FIG. 10A is an original grayscale digital photographic image of a
rocky cliff with water below. FIG. 10B shows a two-level
bright/dark categorization of the image in accordance with image
segmentation methods of the prior art. As can be seen from FIG.
10B, application of such simple bright/dark categories fails to
adequately depict the objects shown in the underlying image, since
both the sky and the rocky cliffs are given the same shading based
on their similar brightness levels without regard to their
differing textures. FIG. 10C illustrates the same image processed
using the 4-level image segmentation technique that includes
brightness and texture in accordance with the present invention and
filtered as described below. As can be readily seen in the image
illustrated in FIG. 10C, including texture as part of the pixel
classification distinguishes both the sky and vegetation in the
image.
[0046] In addition, an image produced by a segmentation method such
as that described herein often may contain "speckles" resulting
from individual pixels being assigned one of the four (or more)
specific grayscale values. While the overall segmented image shows
the desired brightness and texture categorization, the speckles in
the image can prevent the brightness and texture categorization
from being as readily apparent as may be desirable. In such cases,
the processed image can be run through a fitter to make a
cleaner-looking result. Any suitable filtering software can be
used, for example, the "despeckle" filter that is freely available
from IMAGEMAGICK Studios LLC. An example of such a "speckled" image
is shown in FIG. 11A, which depicts the image shown in FIG. 10A
which has been segmented but not yet filtered. FIG. 11B, which is
identical to FIG. 10C, depicts the same image which has been run
through the IMAGEMAGICK filter. As can be readily seen, the image
in FIG. 11B is much cleaner-looking and more readily depicts the
four brightness/texture categories, making quick analysis, either
by a human user or by an analytic application, much faster and
easier.
[0047] As noted above, one key use of the image segmentation method
of the present invention involves the processing of grayscale
acoustic images such as those produced by sidescan sonar sensors.
In such sonar-produced acoustic images, loud echoes show as bright
spots, while shadows and soft echoes, such as those produced by
sand ripples show as dark spots. The Navy uses such acoustic images
to search for underwater hazards such as mines that may be on top
of the sea floor or buried underneath. Thus it is critical that
Navy personnel and computers used to analyze such images be able to
identify and distinguish such underwater features quickly and
accurately.
[0048] FIGS. 12A and 12B illustrate an exemplary application of the
method of the present invention to an acoustic image of a portion
of the seafloor. The portion of the seafloor captured in the image
shown in FIG. 12A includes highly textured areas, but the image in
FIG. 12A fails to adequately show the texture, instead, showing the
area in a fairly uniform grayscale, in contrast, the image shown in
FIG. 12B, which was processed in accordance with the present
invention and filtered as describe above, clearly shows smooth and
textured areas by the different shadings for each type of feature
in the image. The resulting segmentation aids geologists in
identifying sea-floor sediments as rock, sand, or mud.

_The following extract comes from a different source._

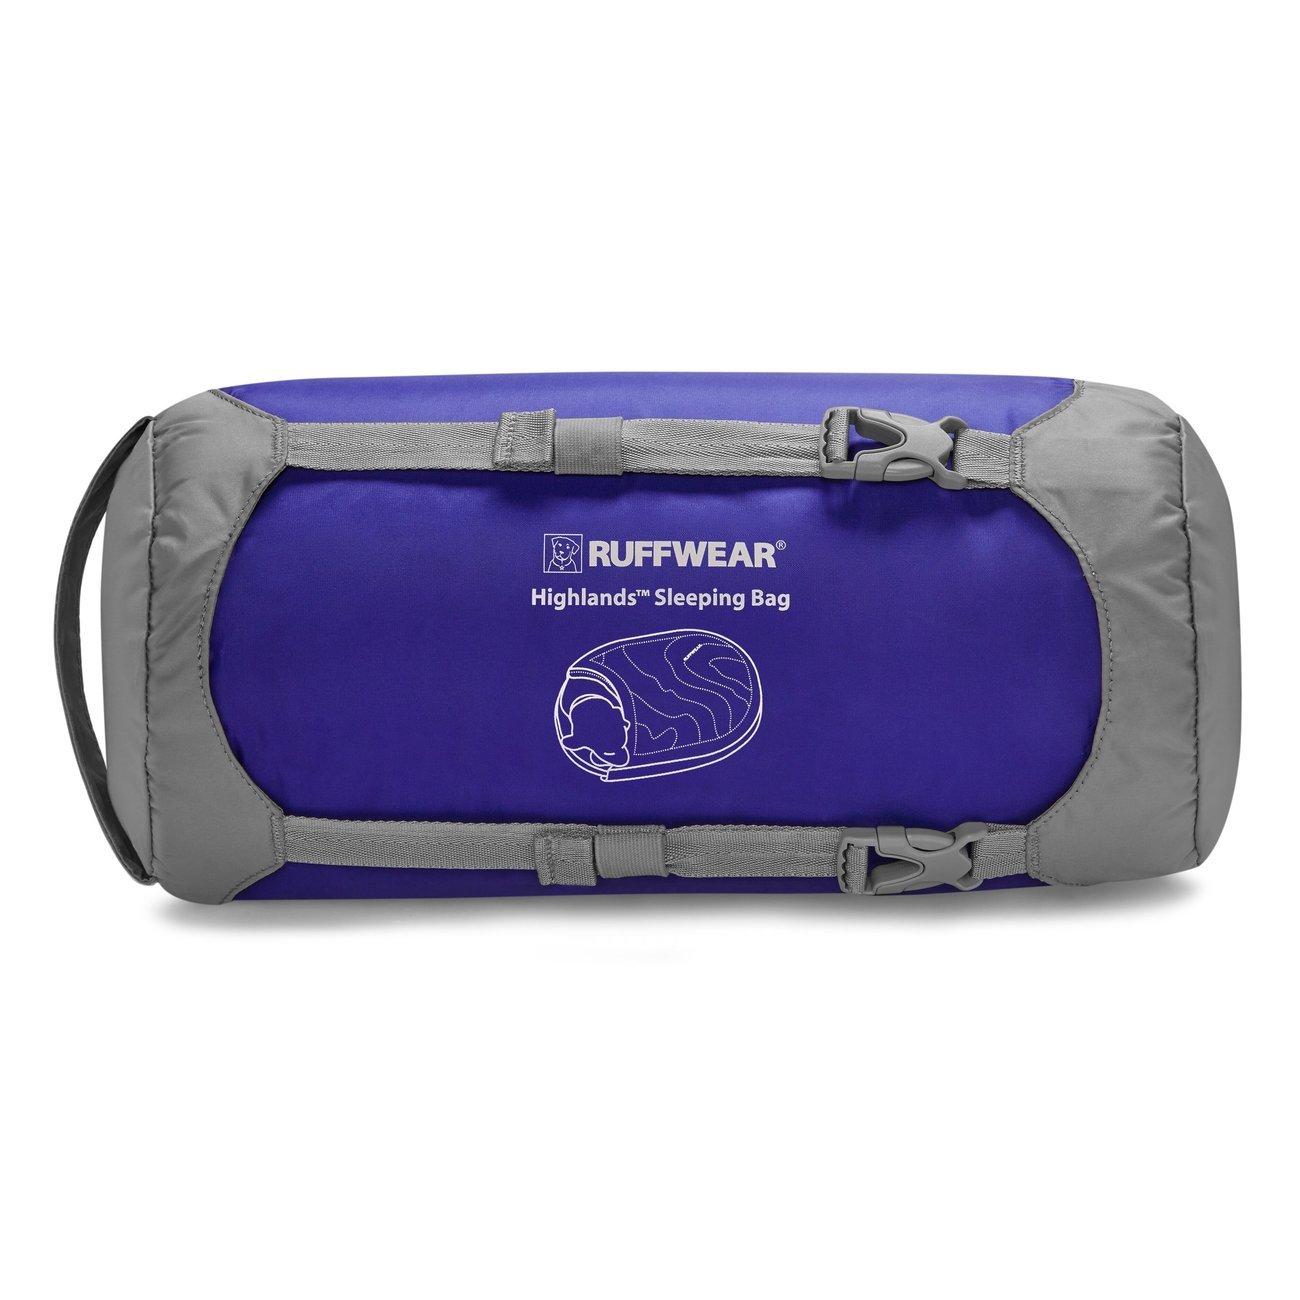 Ruffwear Highlands Sleeping Bag™ Schlafsack für Hunde, Bild 11

[0049] The image segmentation method of the present invention can
also be used to enhance other types of images such as ultrasound or
MRI images used in medical diagnosis and treatment. FIGS. 13A and
13B illustrate an application of the method of the present
invention to an MRI of a tumorous brain from the Iowa
Neuroradiology Library. As shown in FIG. 13A, a tumor can be seen
as the bright spot in the upper left region of the MRI. Although
the tumor can be seen in the original grayscale image shown in FIG.
13A, it is much more readily seen in the image shown in FIG. 13B
which has been processed and filtered in accordance with the
present invention. In the image shown in FIG. 13B, the tumor is
clearly visible as the bright spot in the upper left region, with
the periphery of the tumor being shown in light gray and the
cerebrum represented as dark gray. Such a segmented image can more
readily be used, by medical personnel to quickly and accurately
locate and identify anomalous regions in an image.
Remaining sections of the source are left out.